Apa yang Disoroti Puan Maharani?

Puan menyampaikan pandangannya dalam Sidang Tahunan MPR, DPR, dan DPD RI di Kompleks Parlemen, Senayan, Jakarta, Jumat (15/8/2025). Ia mencontohkan sejumlah istilah yang beredar di jagat maya, mulai dari ungkapan “kabur aja dulu”, “Indonesia Gelap”, “negara Konoha”, hingga penggunaan simbol “bendera One Piece”.

Menurutnya, fenomena tersebut adalah ekspresi zaman digital yang tidak bisa dipandang sebelah mata. “Ungkapan-ungkapan itu adalah bentuk keresahan rakyat. Fenomena ini menunjukkan bahwa aspirasi rakyat kini disampaikan dengan bahasa zaman mereka sendiri,” ujar Puan.

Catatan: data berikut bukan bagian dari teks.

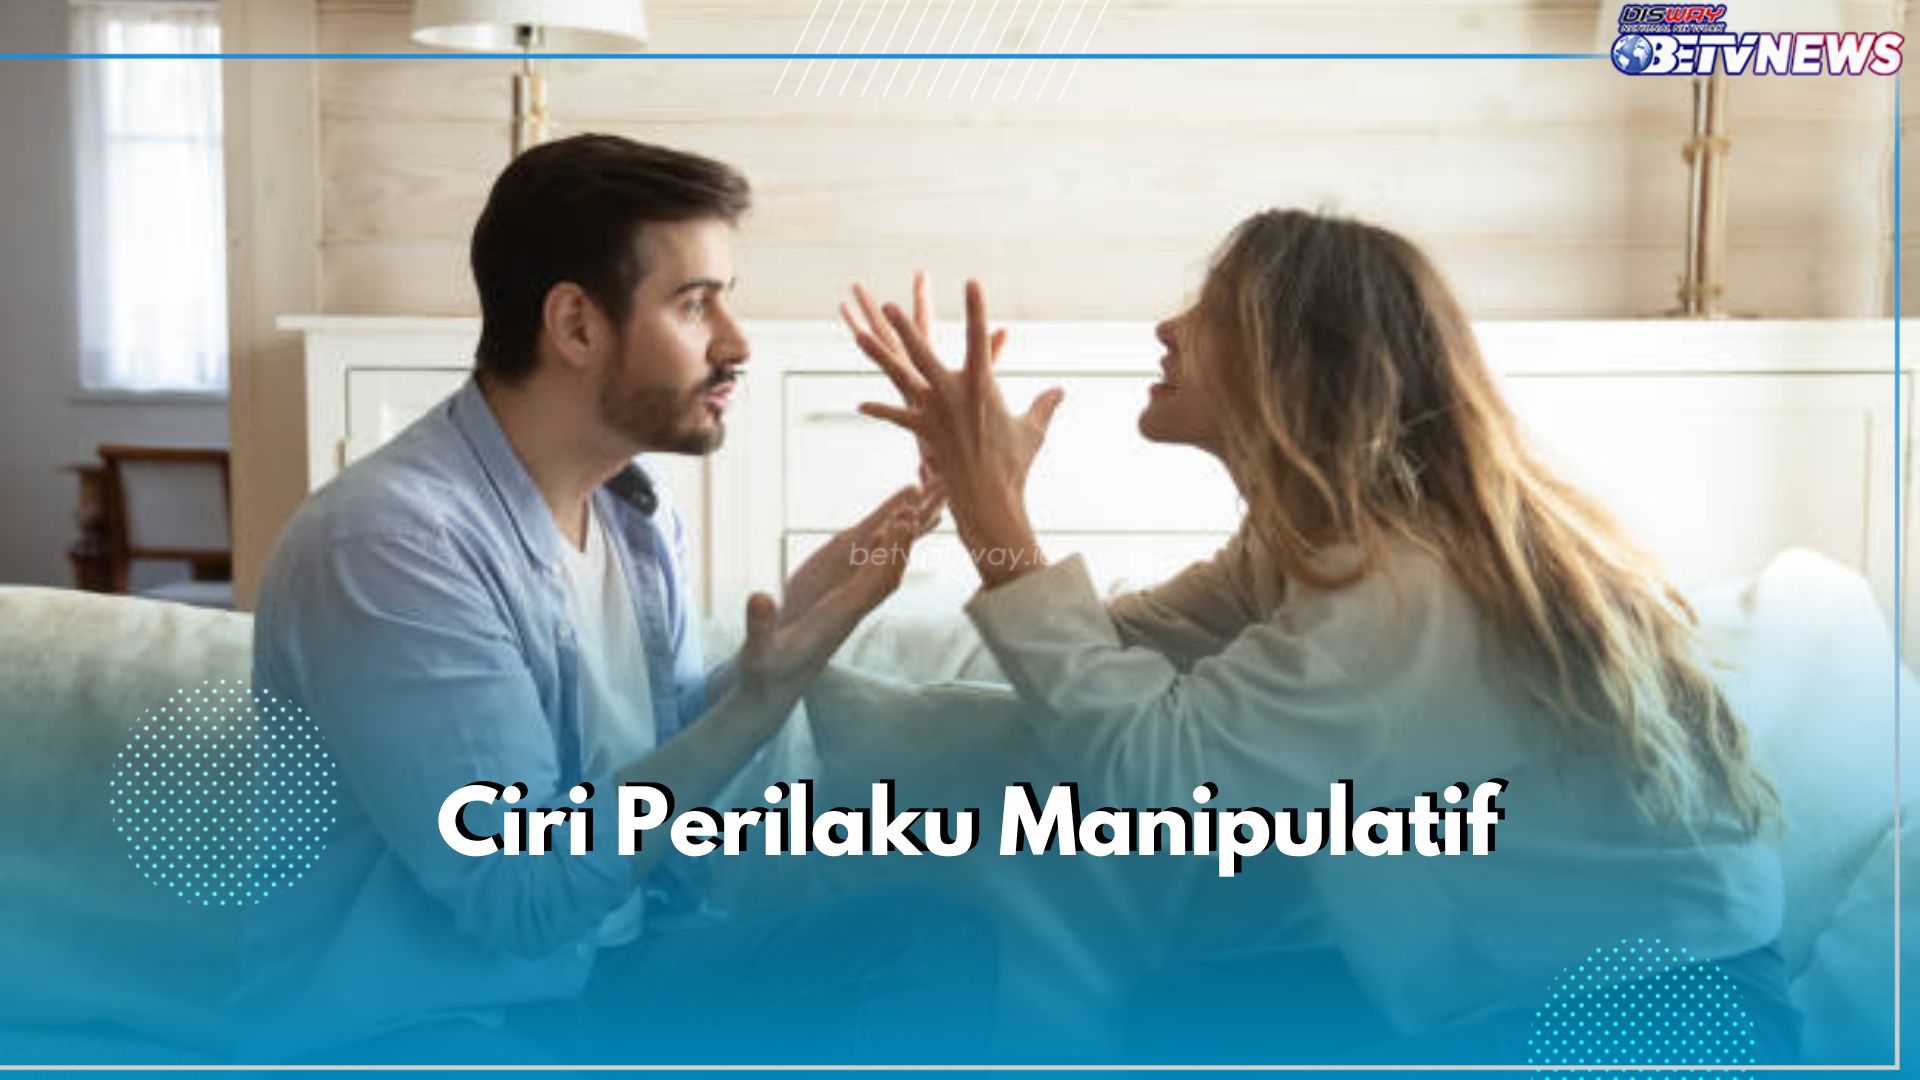 7 Ciri Perilaku Manipulatif yang Perlu Diwaspadai, Nomor 5 Paling Sering Dilakukan

Kritik Adalah Vitamin Demokrasi

Di hadapan Presiden Prabowo Subianto, Presiden ke-7 Joko Widodo, para anggota parlemen, dan tokoh bangsa, Puan menegaskan bahwa kritik bukanlah ancaman. Sebaliknya, kritik adalah harapan dan vitamin bagi demokrasi.

“Bagi pemegang kekuasaan, setiap suara rakyat bukan sekadar kata atau gambar. Di balik setiap kata ada pesan, di balik pesan ada keresahan, dan di balik keresahan ada harapan. Karena itu, yang dibutuhkan adalah kebijaksanaan,” tegasnya.

Pesan untuk Pemegang Kekuasaan

Puan menekankan pentingnya sikap bijak dalam merespons kritik. Ia mengajak seluruh pemimpin untuk tidak hanya mendengar, tetapi memahami pesan rakyat dengan hati yang jernih. “Kebijaksanaan untuk tidak hanya menanggapi, tetapi merespons dengan pikiran terbuka,” katanya.

Lebih lanjut, ia menegaskan kritik sekeras apa pun tidak boleh dijadikan pemantik perpecahan bangsa. Justru kritik harus menjadi cahaya yang menerangi jalan bersama. “Kritik tidak boleh menjadi bara yang membakar persaudaraan. Kritik harus menjadi cahaya yang menerangi kita,” ujar Puan.

Kritik Bukan untuk Memecah Belah

Puan juga mengingatkan bahwa kritik tidak boleh digunakan untuk menyulut kebencian atau merusak nilai kemanusiaan. “Kritik dapat keras dalam substansi dan menentang kebijakan, tetapi kritik bukan alat untuk menghancurkan etika, moral, apalagi kemanusiaan,” tegasnya.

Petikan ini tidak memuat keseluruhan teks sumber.